An example of this can be seen on page 9 of the KRAS pdf. The G12D, G12V, and G13D mutations are the most common in colon adenocarcinoma.
Next, we move out a level and repeat the analysis but disregard the specific amino acid changes and graph only the positions of the mutations. In this way hot spots that correlate with biology are more obvious.
On page 23 of KRAS, the G12 position is almost the only mutation site found in pancreatic cancer.
Mutations Across all Cancer Types
After finishing with each tumor type, we analyze the mutations across all the cancer types. The analyses comprise:
- How many cancer types carry each specific mutation in the gene? On page 39 of KRAS, G12D mutations are found in 18 different kinds of cancer.
- What position in the gene is mutated in the various cancers? On page 41 of the KRAS analysis, the G12 position is found mutated in 24 different cancer types.
- How often does each specific mutation in the gene occur in all the cancers? On page 43, G12D, G12V, G12C, and G13D are the most common mutations across all cancers.
- What position in the gene is most often mutated in all the cancers? G12 mutations dominate the KRAS landscape, seen on page 45.
The Five Most Mutated Amino Acids in the Gene of Interest
- How often is the amino acid mutated in the different cancer types? Mutant G12 codons occur most frequently in lung, pancreatic, and colon (page 46), while mutant G13 codons are most commonly found in in colon, stomach, and rectum (page 49). Note that this only a measure of where that type of mutation is found most often, not that G13 mutations are ever more frequent than G12s. For example, even though the most frequent KRAS mutation in stomach adenocarcinoma is G13D (page 28), in the aggregate G12 mutations are ~50% more frequent than G13 mutations (page 29).

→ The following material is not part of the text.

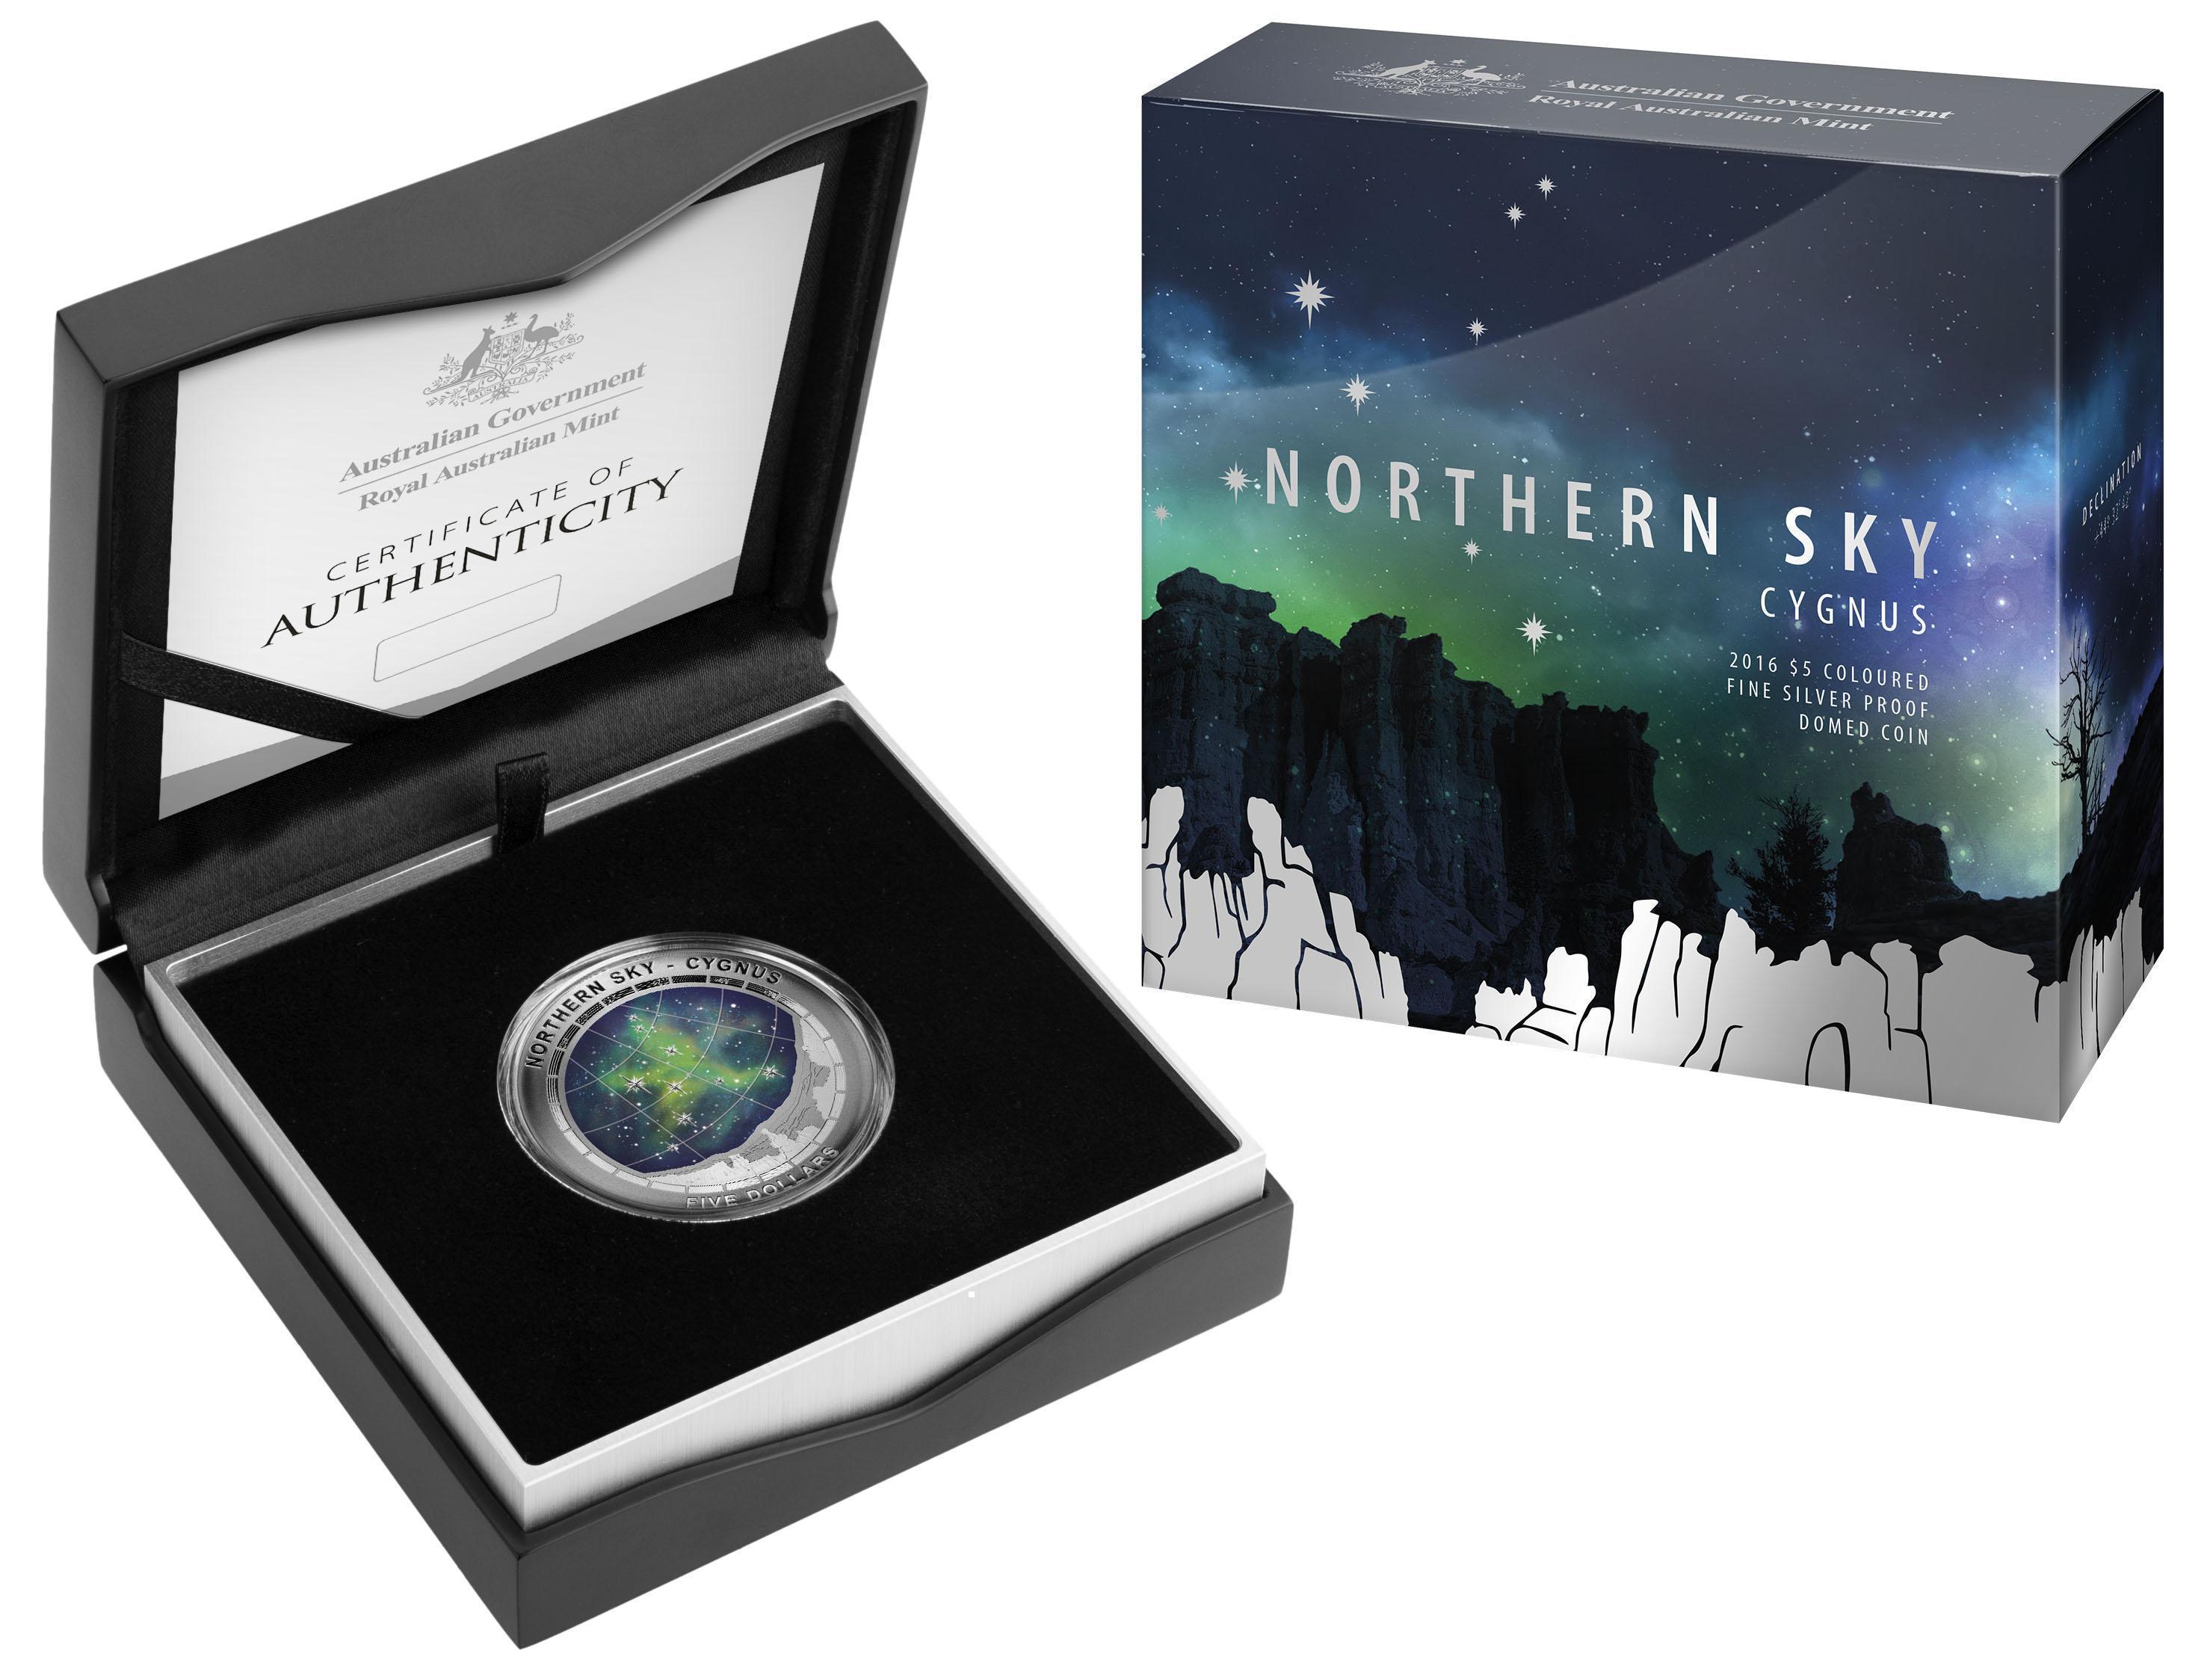 2016 $5 Northern Skies CYGNUS Colour Printed Silver Proof Domed Coin Royal Australian Mint RAM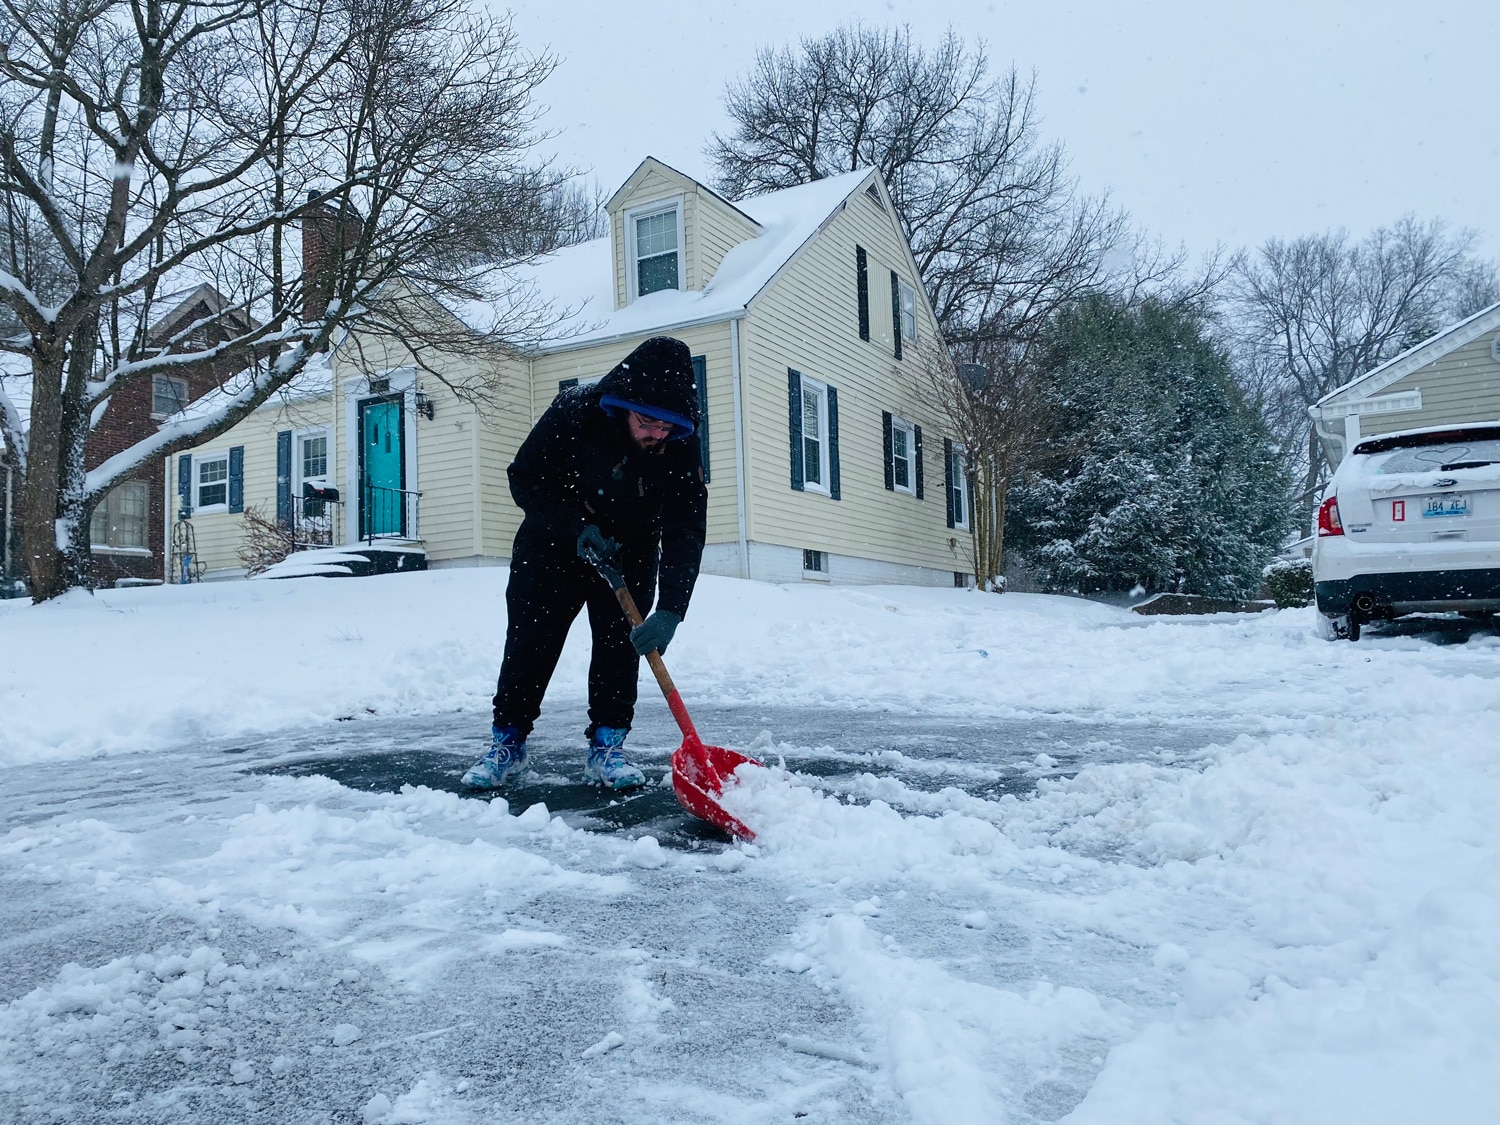 Jacob Farnsley, of Kingsport, Tennessee, shovels snow Thursday, Jan. 6, 2022, from a driveway on Mooreland Drive. He was in town visiting family when the snow hit. (Photo by Jennifer P. Brown)

- What is the distribution of specific amino acid changes at that position in the various tumor types? On page 47, G12C is the most common mutant in lung, while G12D is the most common in pancreatic tumors.
- The proportional views of the data make it easier to judge when the numbers of tumors vary. For example, page 48 shows the same data as page 47, but proportional instead of absolute.
- Finally, two summary views of the positions of mutations in each gene across all cancers, organized by cancer type. G12 mutations comprise more than half the mutations in KRAS in almost all cancers (pages 61 and 62).